Front National leader Marine Le Pen denounces Zemmour’s sacking
France has been split down the middle by the sacking of the nation’s favourite – and at the same time most detested – hard-right, Islamophobe misogynist.
Éric Zemmour was dismissed by the 24-hour news channel i-Télé after telling – or seeming to tell – an Italian journalist that France’s estimated five million Muslims should be “deported” to avoid “chaos and civil war”.
The channel’s decision was approved by anti-racist groups and some left-wing politicians. It was lambasted by senior figures on the right of French politics – who adore Zemmour – but also by some on the left – who detest him – on the basis of his right to free speech.
With the radio station RTL also under pressure to dismiss Zemmour from his twice-weekly commentary slot, the fate of the provocative journalist and author has become the hottest issue in French politics. Zemmour, 56, a Jew of Algerian origin, could therefore be said to have disproved his own pet theory.
His book Le Suicide Français has sold 250,000 copies in the past three months. It claims that France’s core identity has been destroyed by immigration, feminism, homosexuality, Europe, free trade and excessive, unnecessary guilt about the persecution of Jews in the Second World War.
The controversy surrounding the scrapping of Zemmour’s programme on i-Télé suggests that, au contraire, France remains France. In few other countries would the sacking of a political commentator arouse such passions. In few countries, would politicians on both sides of the left-right divide have defended Zemmour’s right to freedom of speech.
The row is also typically French in being partly semantic. In an interview with the Italian newspaper Corriere della Sera, Zemmour said the removal of France’s Muslim population seemed “unrealistic” but might be necessary to avoid “chaos and civil war”.
The interview went unnoticed until it was picked up and translated by the hard-left French politician Jean-Luc Mélenchon. On his blog, Mr Mélenchon said Zemmour had called for the “deportation” of all French Muslims, many of whom are second or third-generation French citizens.
In France, “deportation” carries dark overtones of the fate of hundreds of thousands of Jews and other French citizens sent to Nazi deathcamps during the war. Zemmour protested that he had never used the word.
The Italian journalist who conducted the interview pointed out that the word “deport” was in his question, as published, not in Zemmour’s reply. The word in Italian – deportare – was the normal word for “repatriate”, he said.
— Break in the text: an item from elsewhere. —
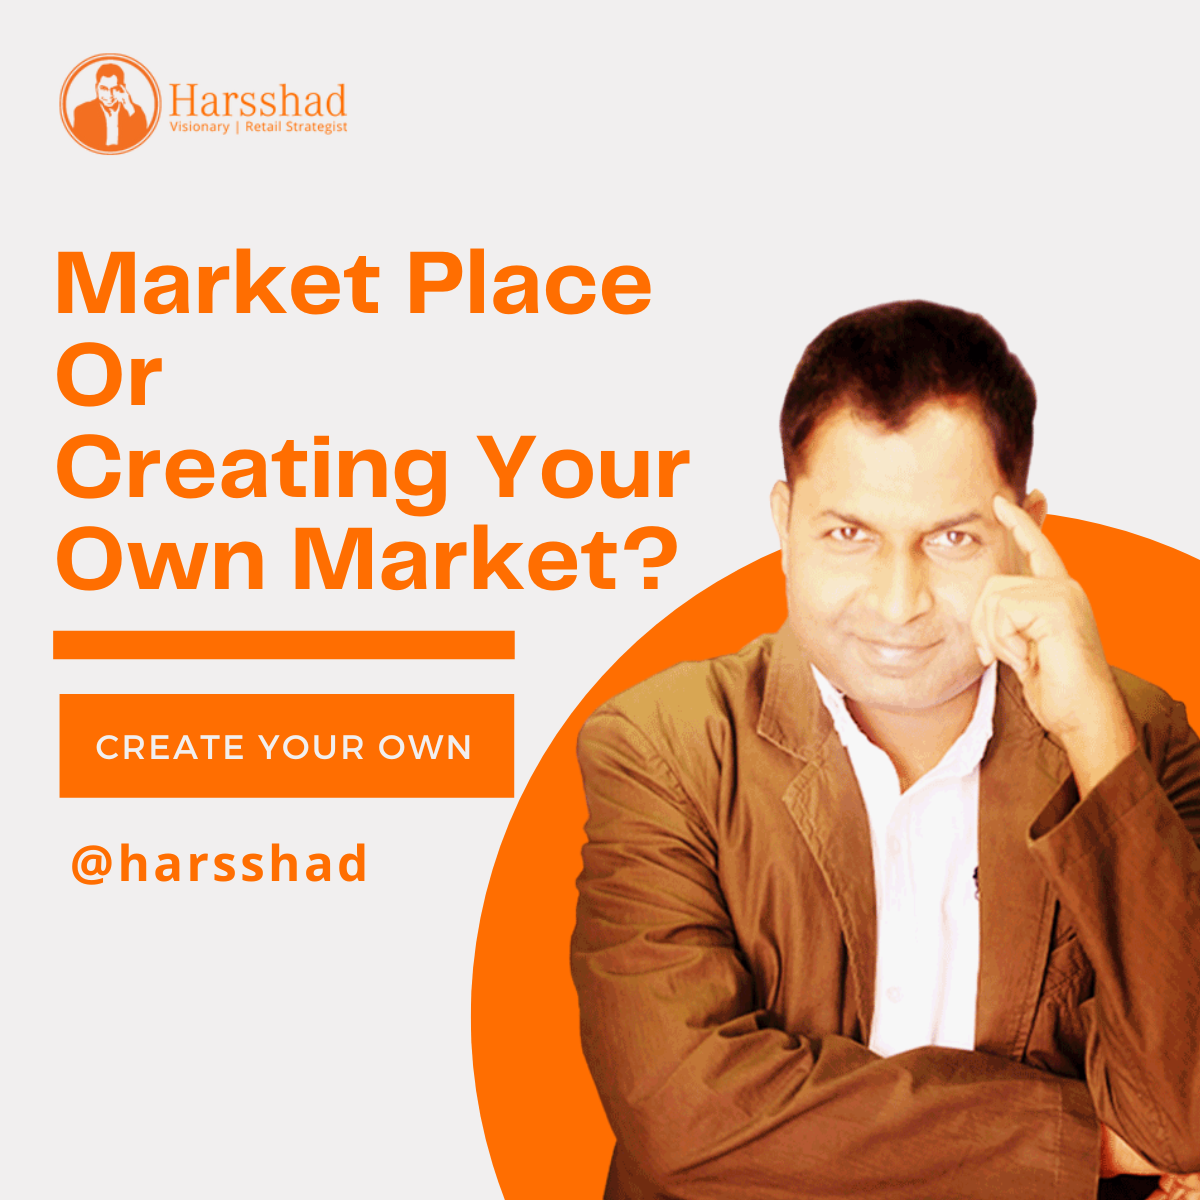 Market Place Or Your Own Market by Harsshad

Senior figures in the Socialist-led French government nonetheless questioned whether Zemmour should be allowed to remain in his three slots as a TV and radio commentator on current affairs. They pointed out that he was, in effect, raising the desirability of the forced repatriation of one in 12 of the French population.
Journalists at RTL radio suggested that the author and essayist had finally overstepped the limits of provocation and should be dismissed from his Tuesday and Thursday morning commentary slots. Zemmour complained that he was the victim of a “fantastic manipulation”.
See also “France embroiled in free speech row after Islamophobic TV presenter is sacked for saying Muslims ‘should be deported to prevent civil war'”, Daily Mail, 22 December 2014
Here is the section of the Corriere della Sera interview that featured the word deportare:
Question: Lei allora che cosa suggerisce? Deportare cinque milioni di musulmani francesi?
Eric Zemmour: Lo so, è irrealista, ma la storia è sorprendente. Chi avrebbe detto nel 1940 che un milione di pieds-noirs, ventianni dopo, avrebbero lasciato l’Algeria per rientrare in Francia? O che dopo la guerra 5 o 6 milioni di tedeschi avrebbero lasciato l’Europa centro-orientale dove vivevano da secoli?